What is Concept Drift?
This phenomenon in which the statistical properties of a target domain change over time is considered concept drift.
This has two parts, feature drift and “real concept drift”.
Feature drift refers to changes in the input variables (i.e. changes in P(X)). Such changes to input data over time may or may not affect the actual performance of the learned ML model, as seen in the image below.

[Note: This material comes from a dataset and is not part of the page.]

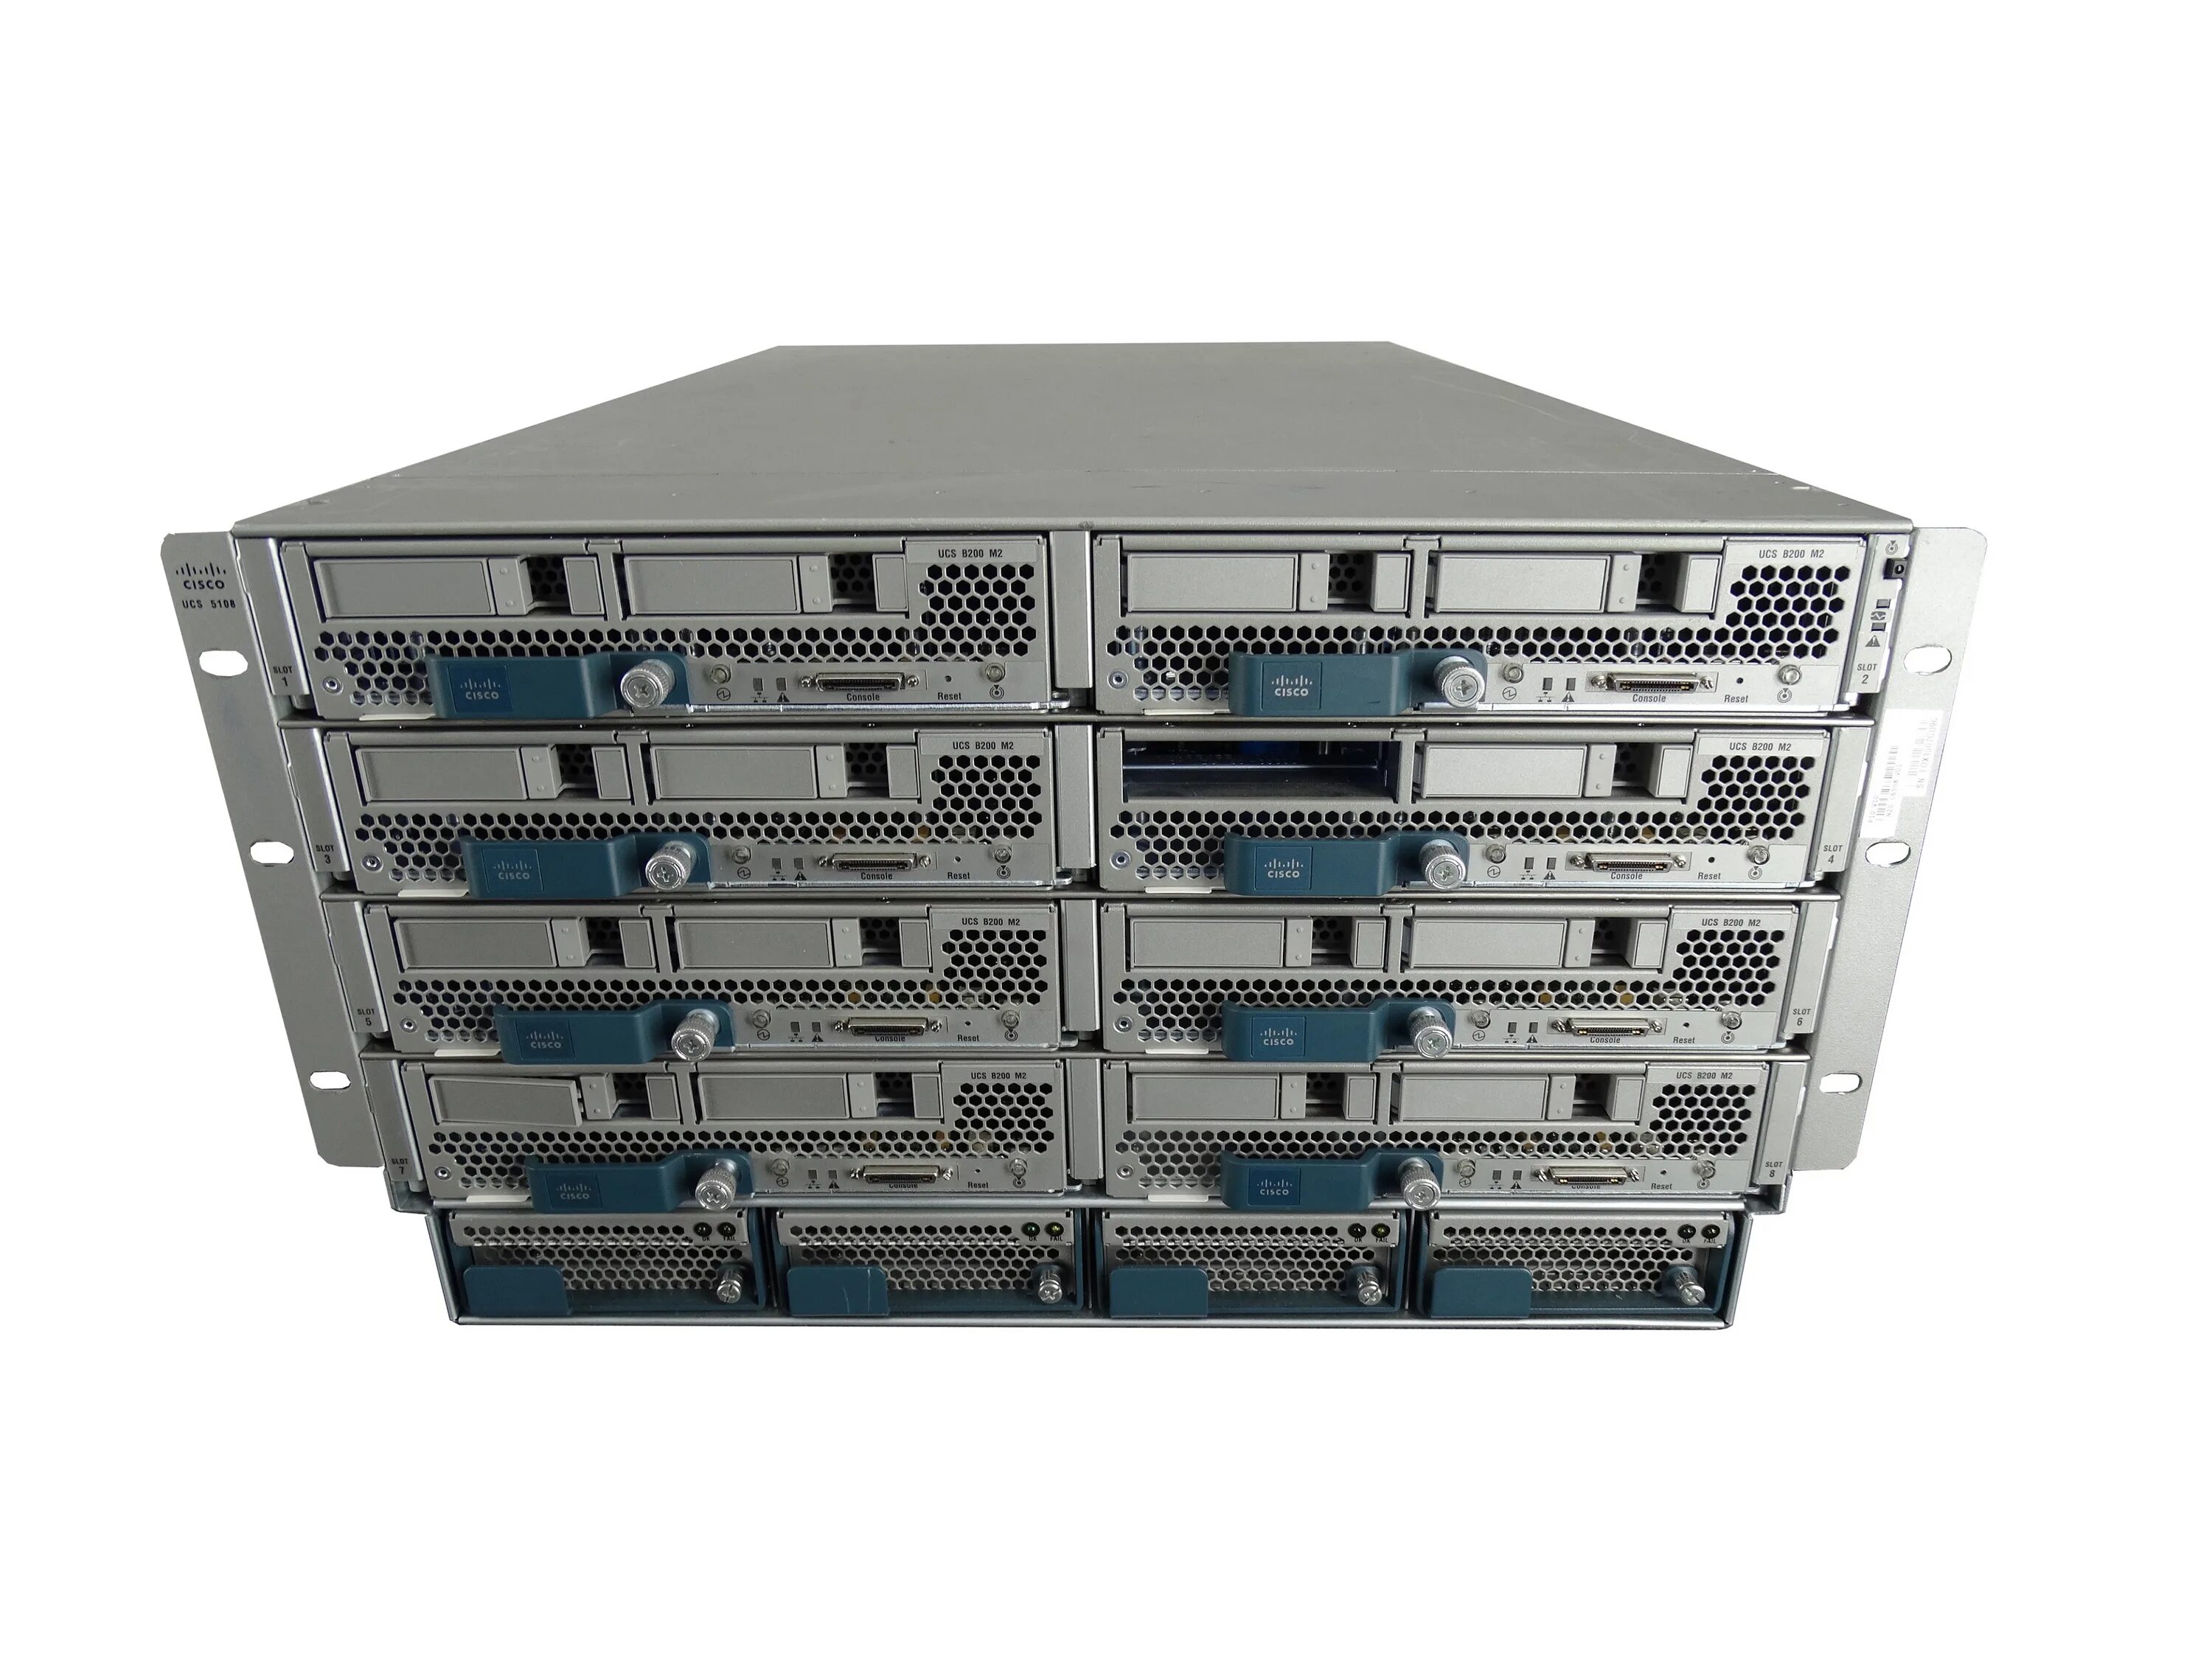 Per server. Cisco UCS b200 m3. Cisco UCS 5108 Chassis. Cisco UCS 5108. Cisco UCS b200 m2.

Real concept drift refers to changes in the learned relationships between the inputs and the target variables (i.e. changes in P(y|X)). This type of drift always causes a drop in model performance. “Real concept drift” can happen at the same time as Feature drift - as seen in the image below.
Supervised Drift Detection
Often, teams will:
monitor a task-dependent performance metric like accuracy, F-score, or precision/recall. If the metric of interest deviates from an acceptable level (as determined during training evaluation on the reference window), a drift is signaled.
At this point, teams will retrain the model with fresh data, and performance levels will improve. However, there is a flawed assumption here: that true labels are instantaneously available after inference. Annotations can be expensive to obtain, sometimes requiring hired domain expertise. Aside from the cost, labels can sometimes take a long time to become available -- for example, it can take days to months for fraud to be reported or defaults on a loan to occur.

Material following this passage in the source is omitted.